§ SUPPLIED MATERIAL
┄┄┄┄┄┄┄┄┄┄

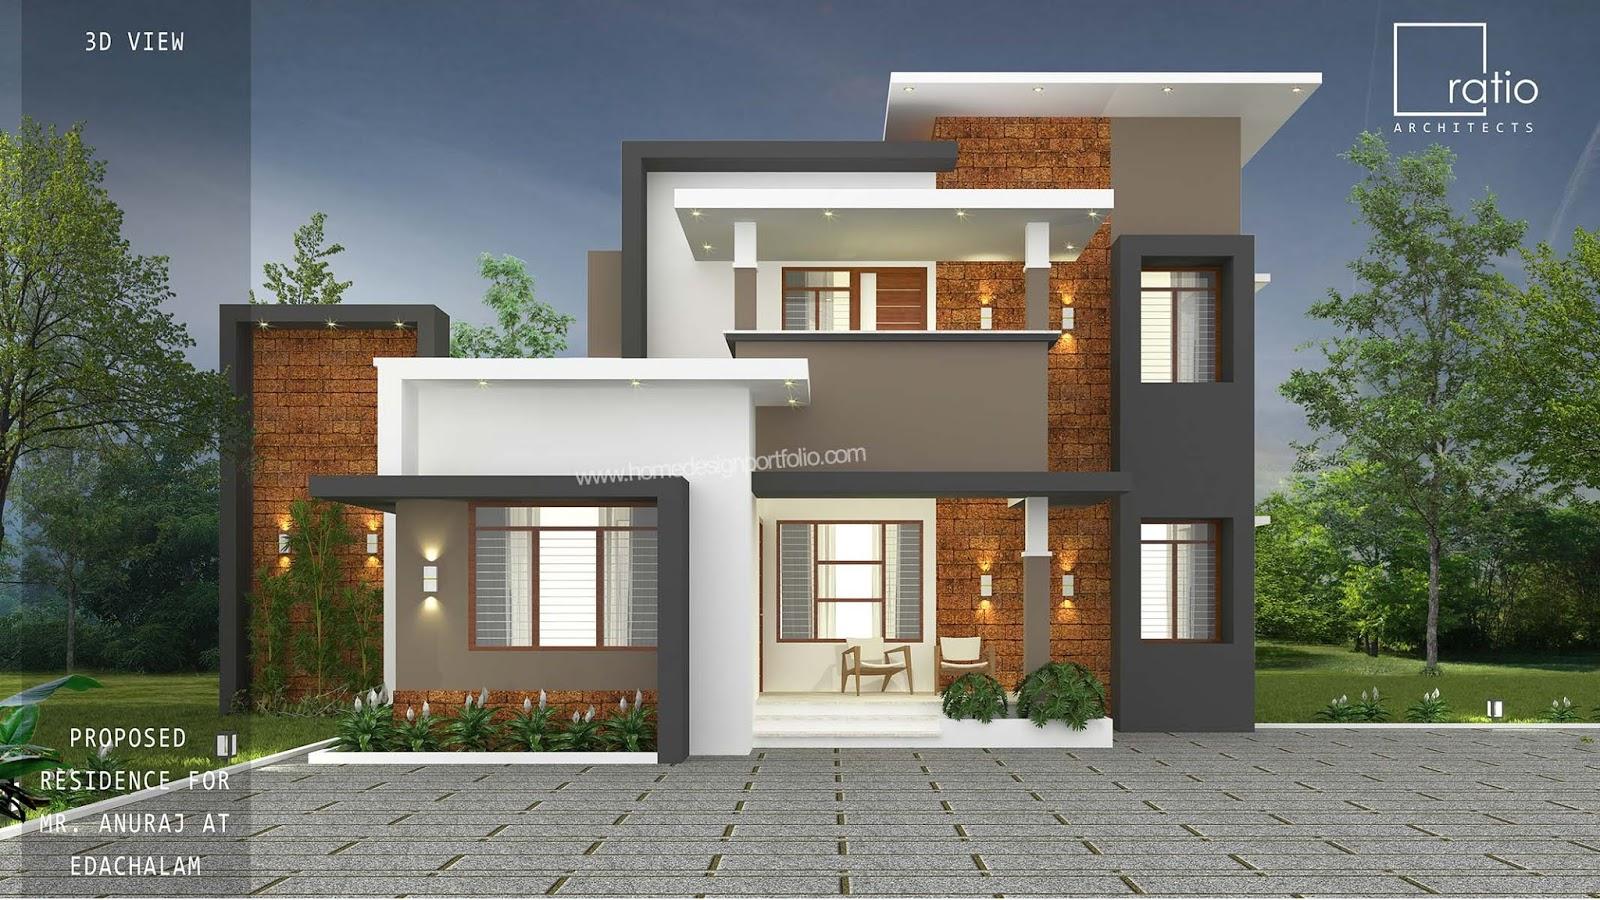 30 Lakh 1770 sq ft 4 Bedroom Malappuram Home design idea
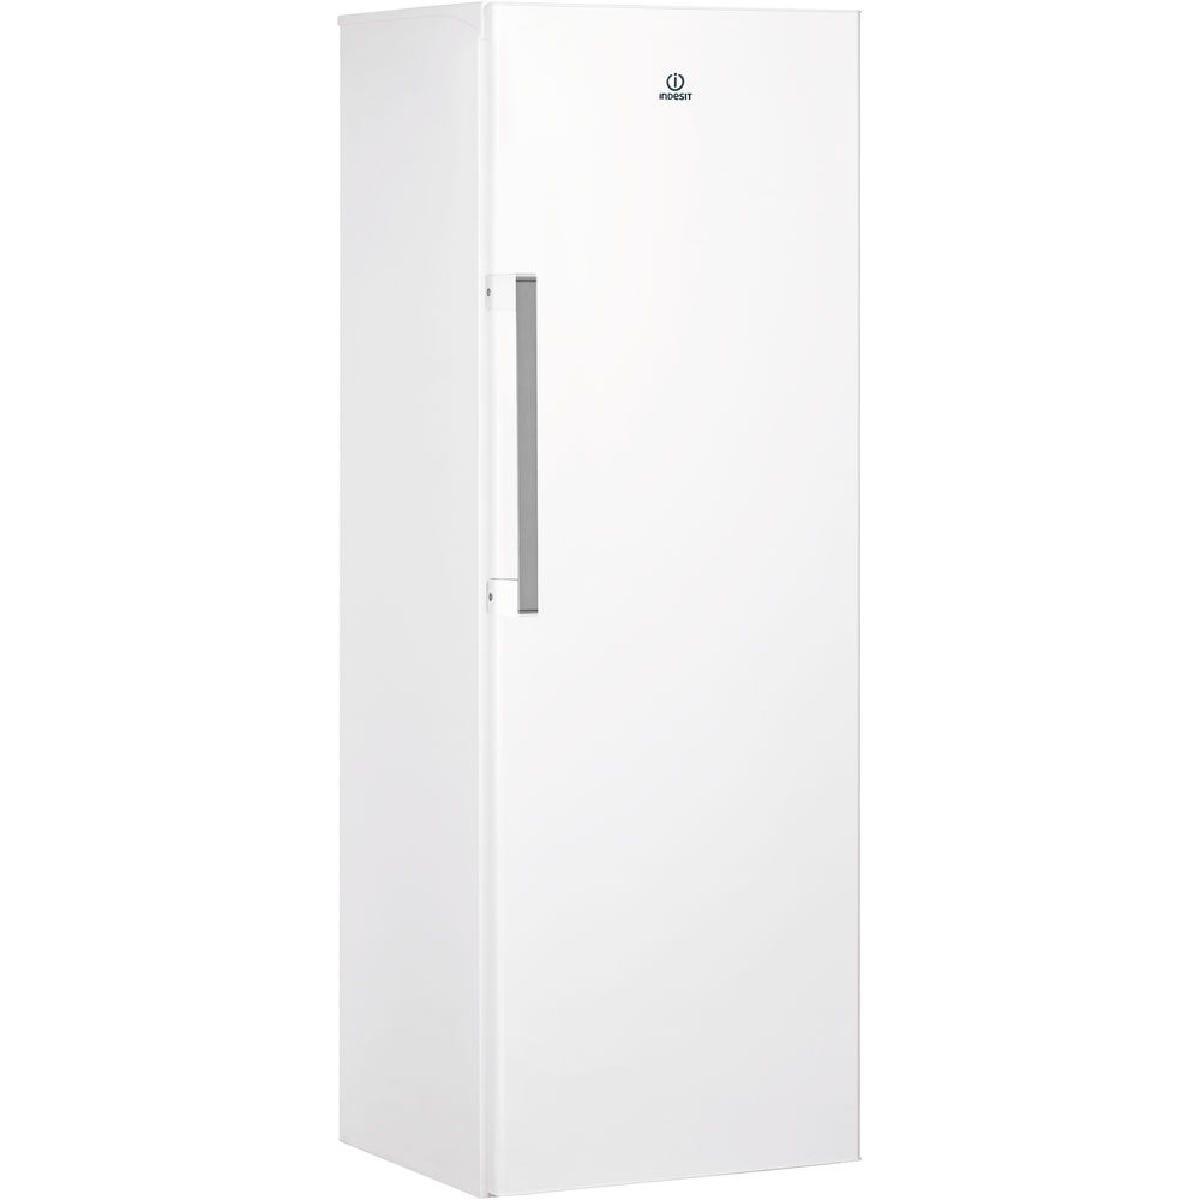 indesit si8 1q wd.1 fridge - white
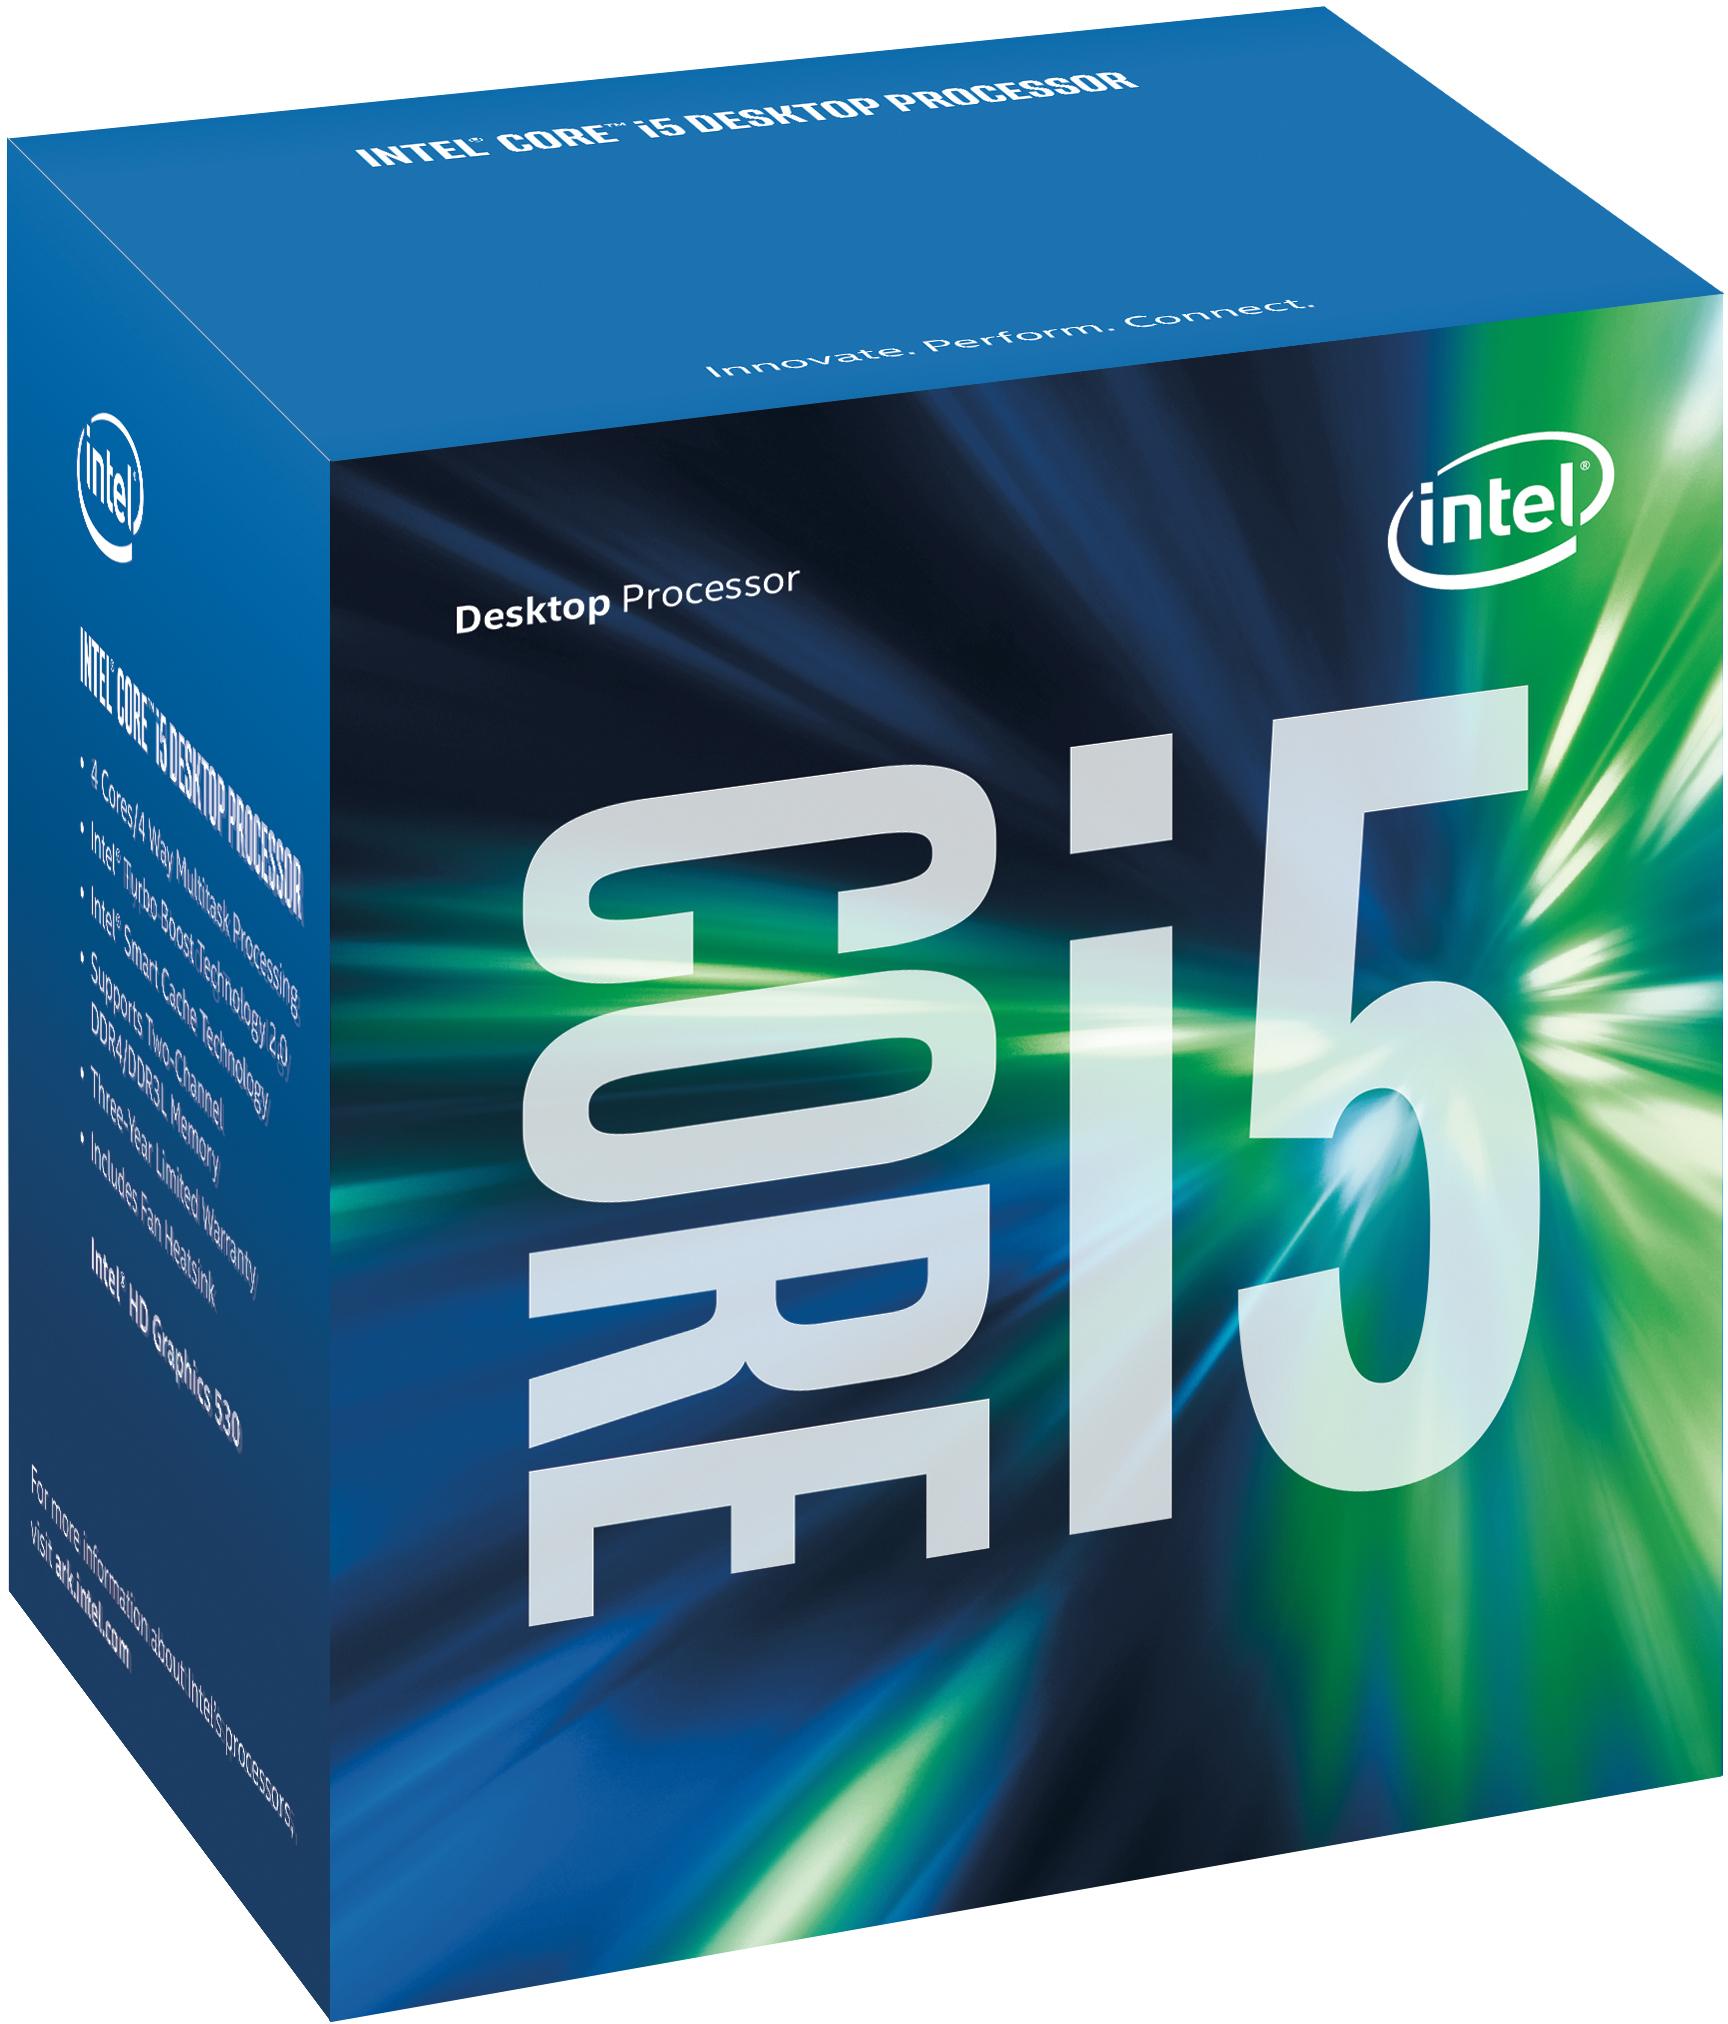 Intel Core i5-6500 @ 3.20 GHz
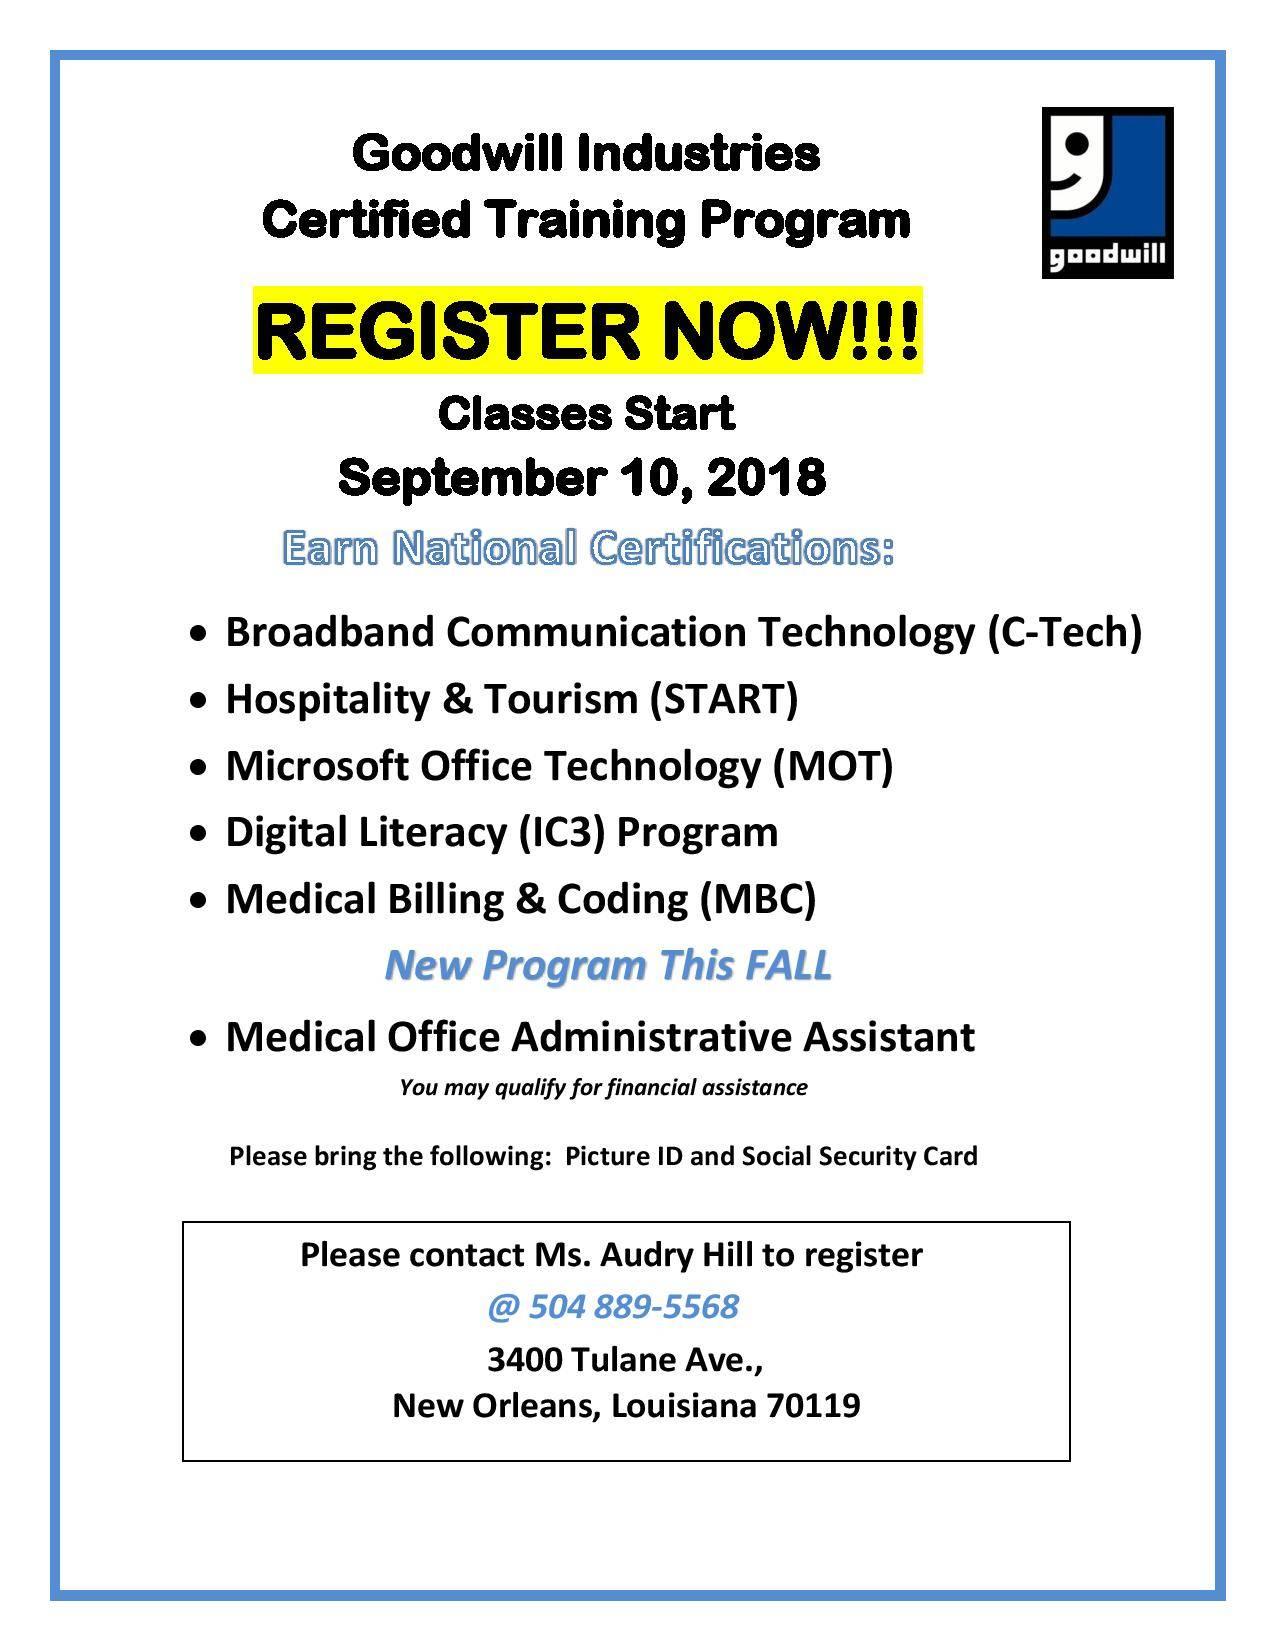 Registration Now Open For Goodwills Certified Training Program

┄┄┄┄┄┄┄┄┄┄

Output everything in the material exactly. Pictures stay out of it.

§ RESPONSE TO THIS EXERCISE
 30 Lakh 1770 sq ft 4 Bedroom Malappuram Home design idea
 indesit si8 1q wd.1 fridge - white
 Intel Core i5-6500 @ 3.20 GHz
 Registration Now Open For Goodwills Certified Training Program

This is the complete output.